» TASK OBJECTIVE: Beginning with the line that contains "Suhtelise vaesuse määr", reproduce the remaining lines of the material exactly, up to and including the last one, but no pictures.
Segment Start: RAW DATA
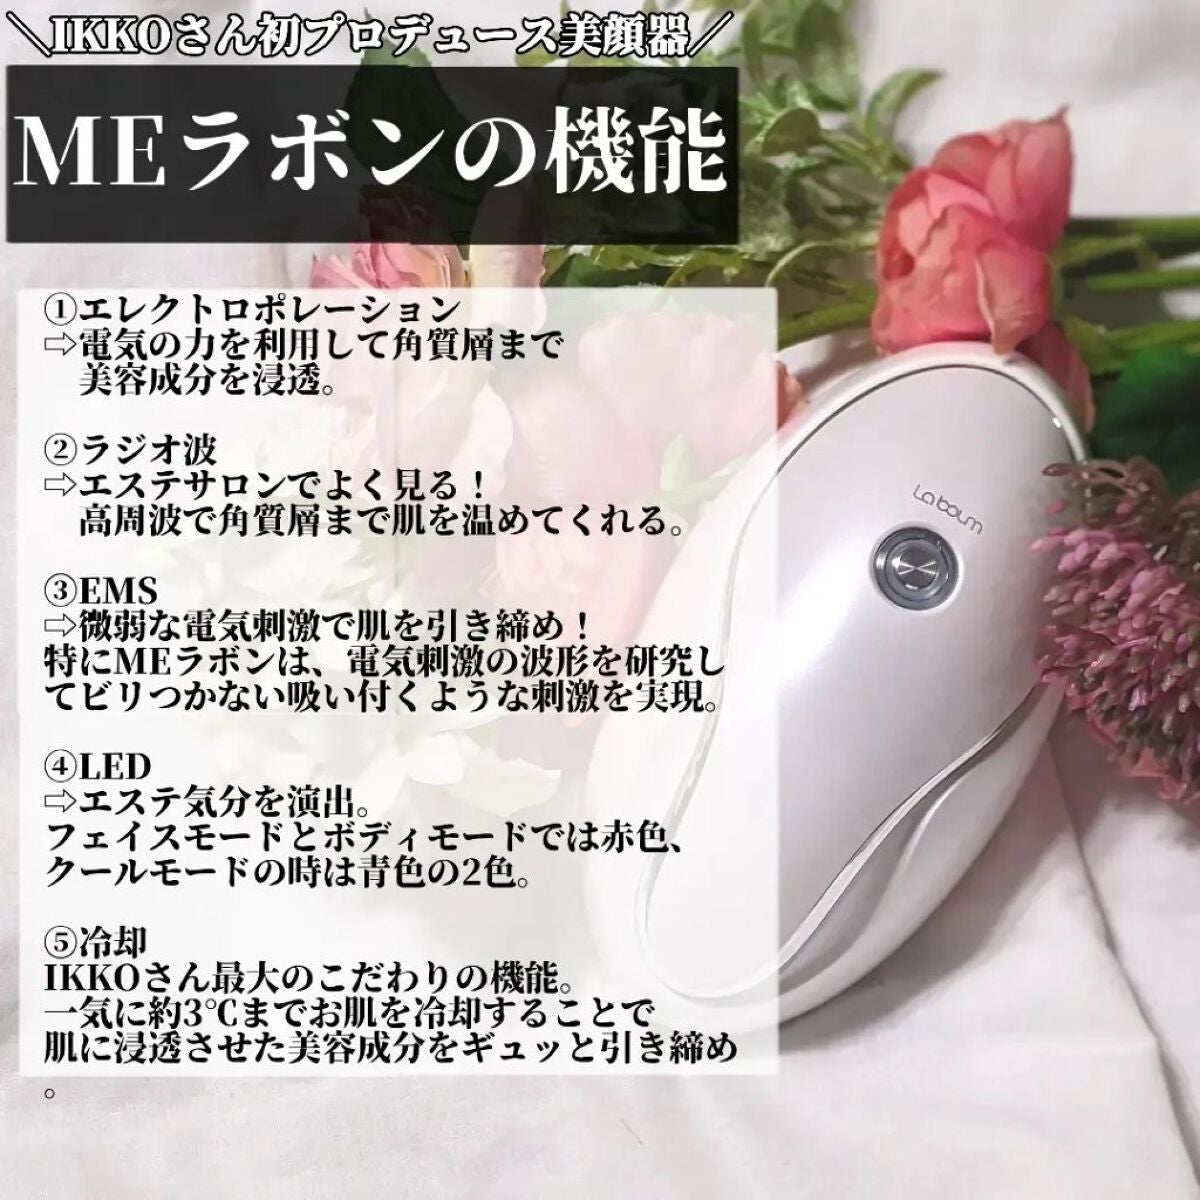 IKKOプロデュース MEラボン 美顔器 EMS RF LED COOL モード - 美容機器
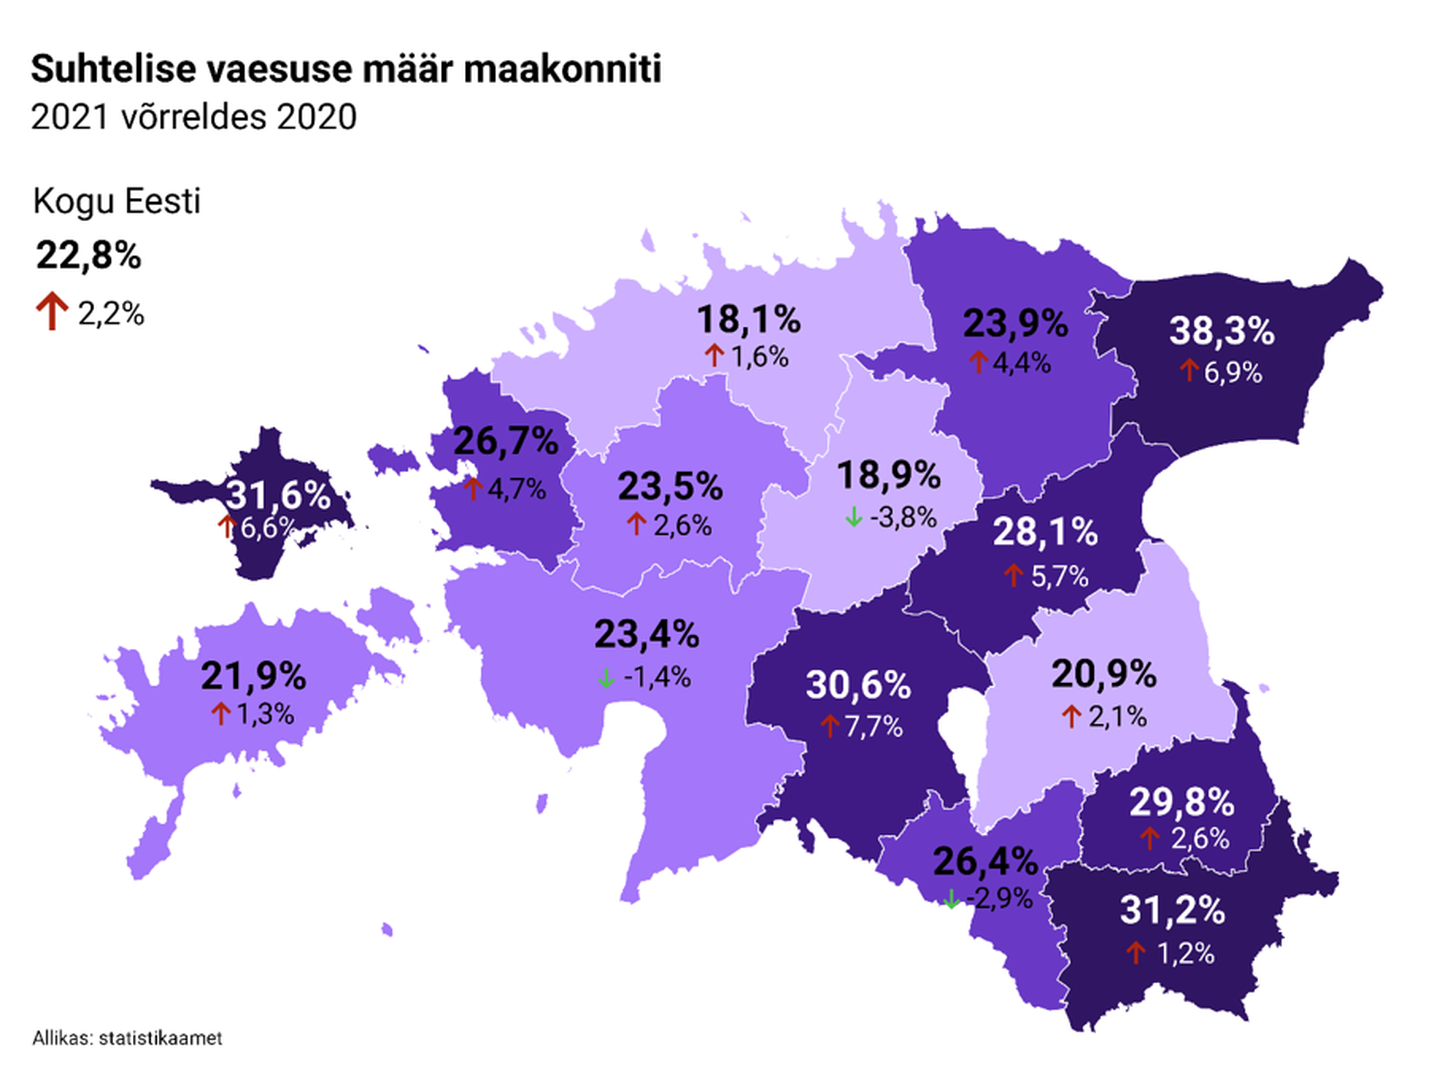 Suhtelise vaesuse määr Eestis 2021. aastal. Järvamaal oli suhtelise vaesuse osa 18,9 protsenti, mis kuulub Eesti väikseimate hulka.
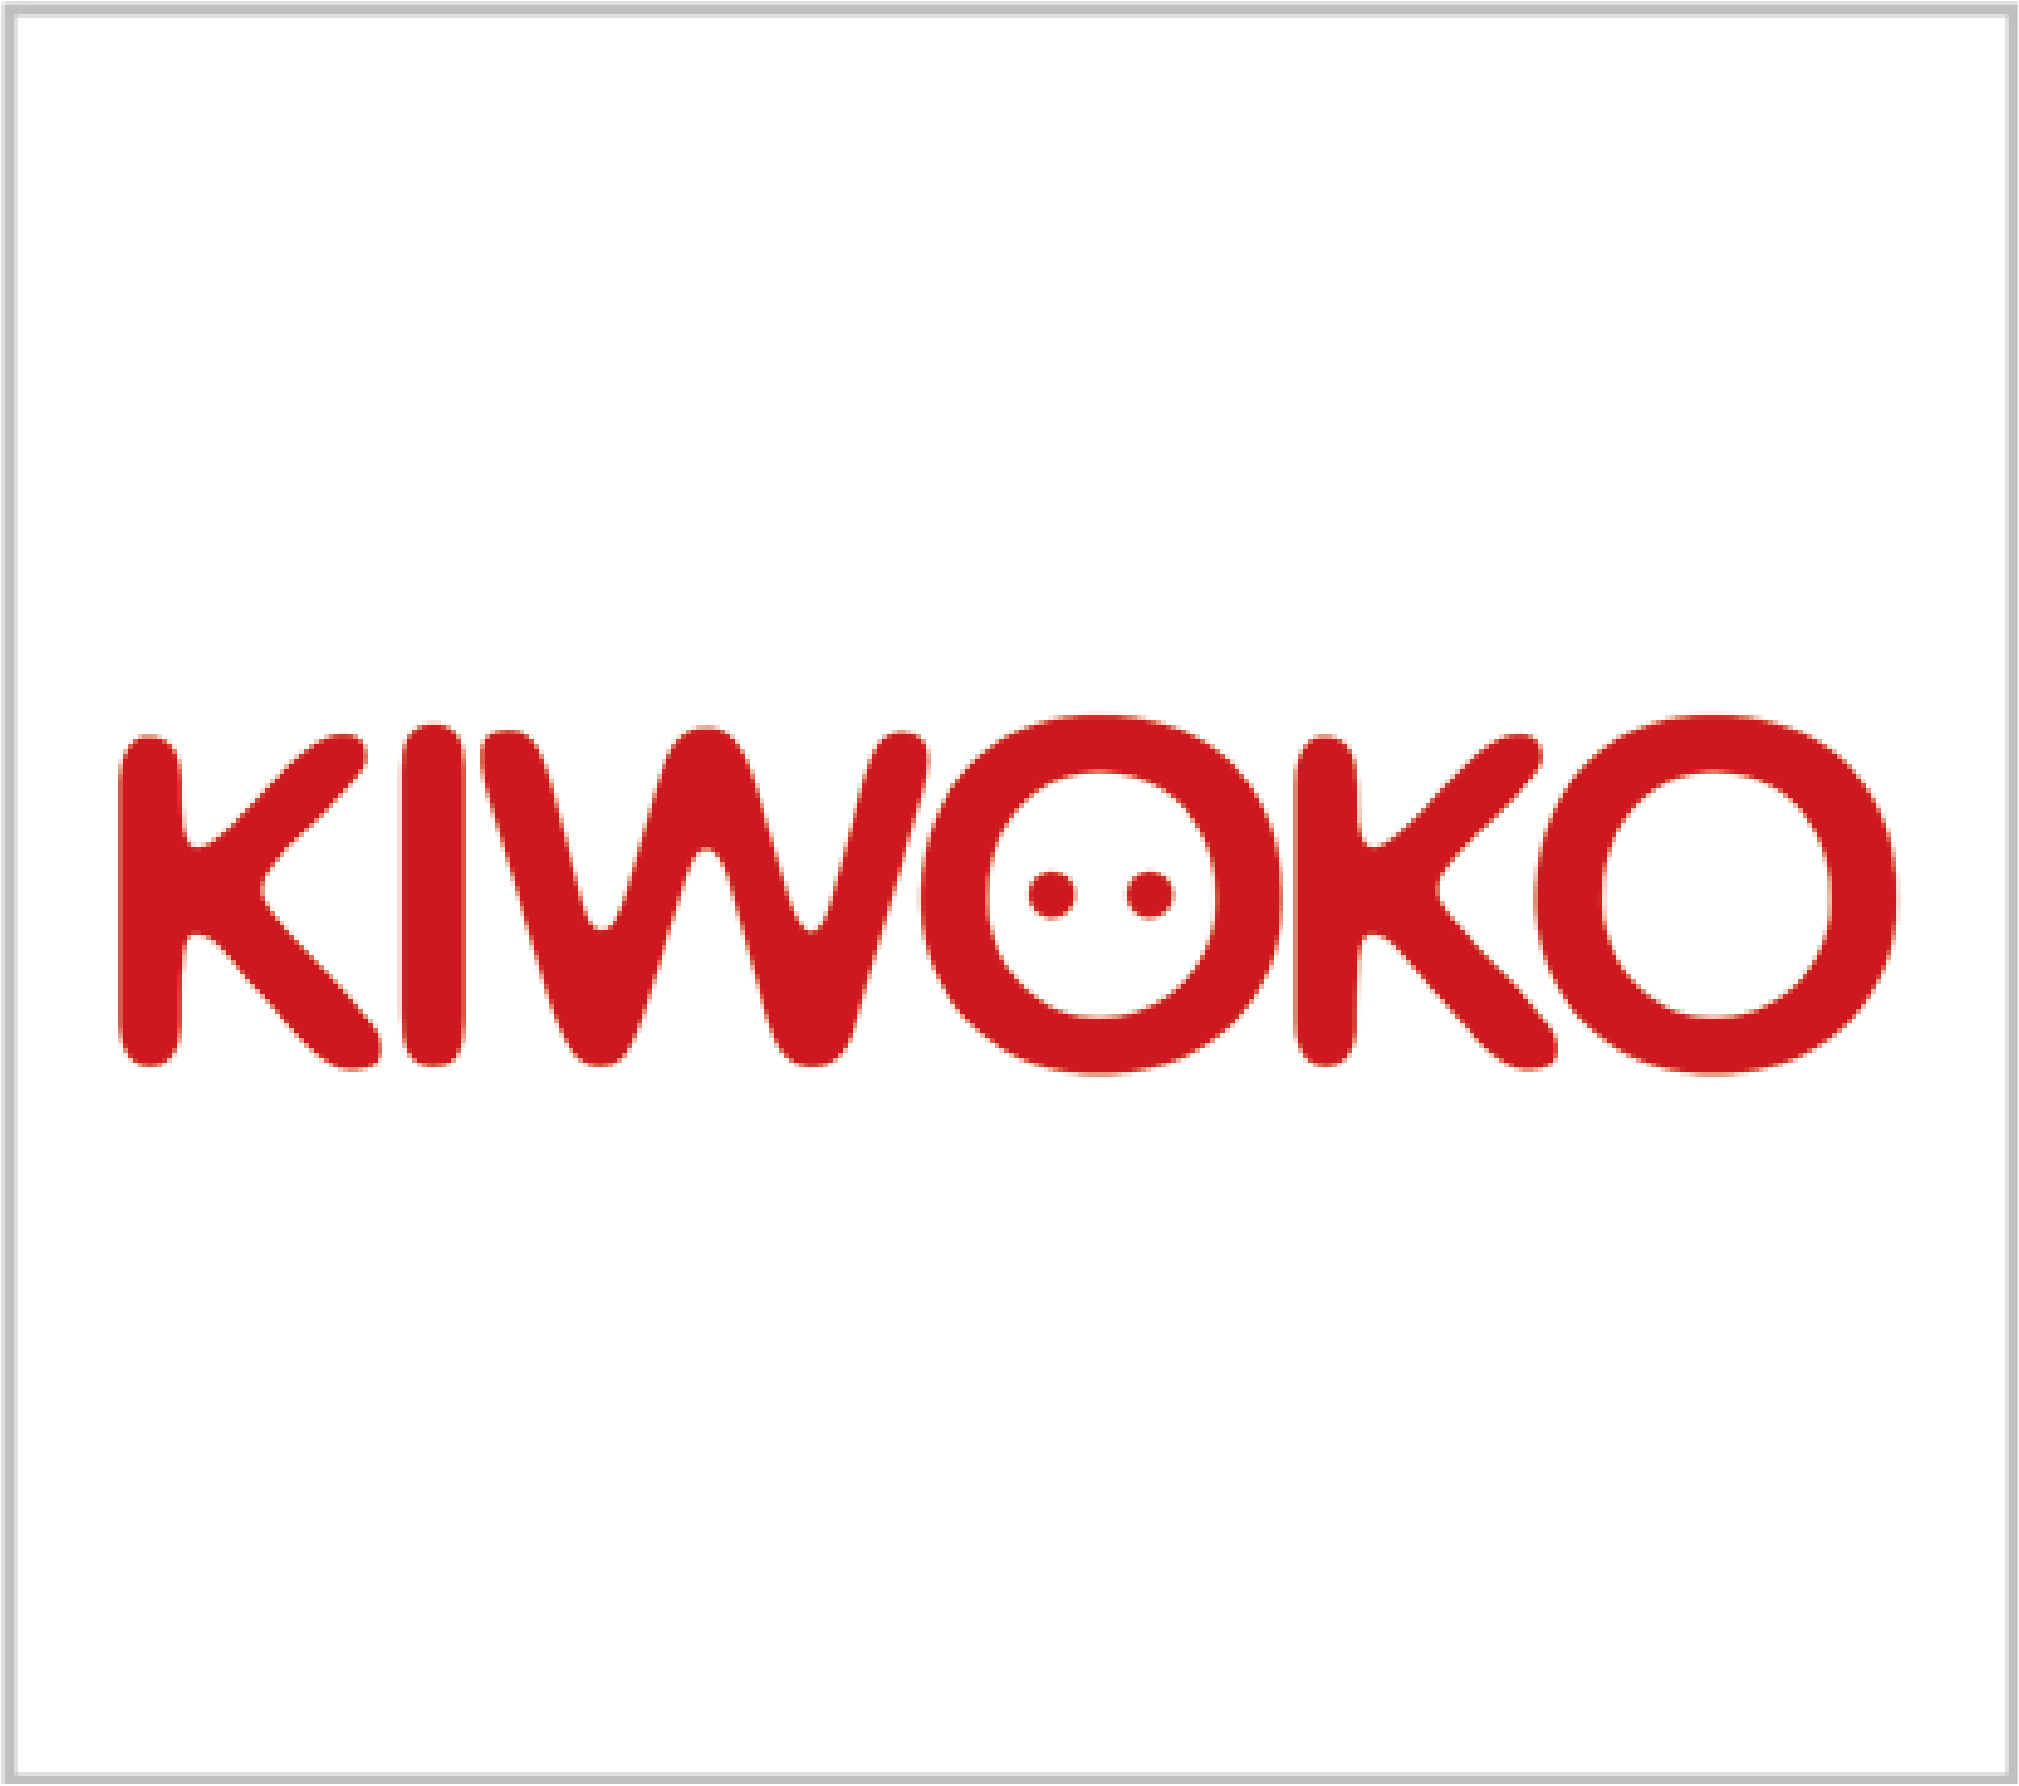 Fetico Kiwoko
Segment End: RAW DATA
» ANSWER BOX:
 Suhtelise vaesuse määr Eestis 2021. aastal. Järvamaal oli suhtelise vaesuse osa 18,9 protsenti, mis kuulub Eesti väikseimate hulka.
 Fetico Kiwoko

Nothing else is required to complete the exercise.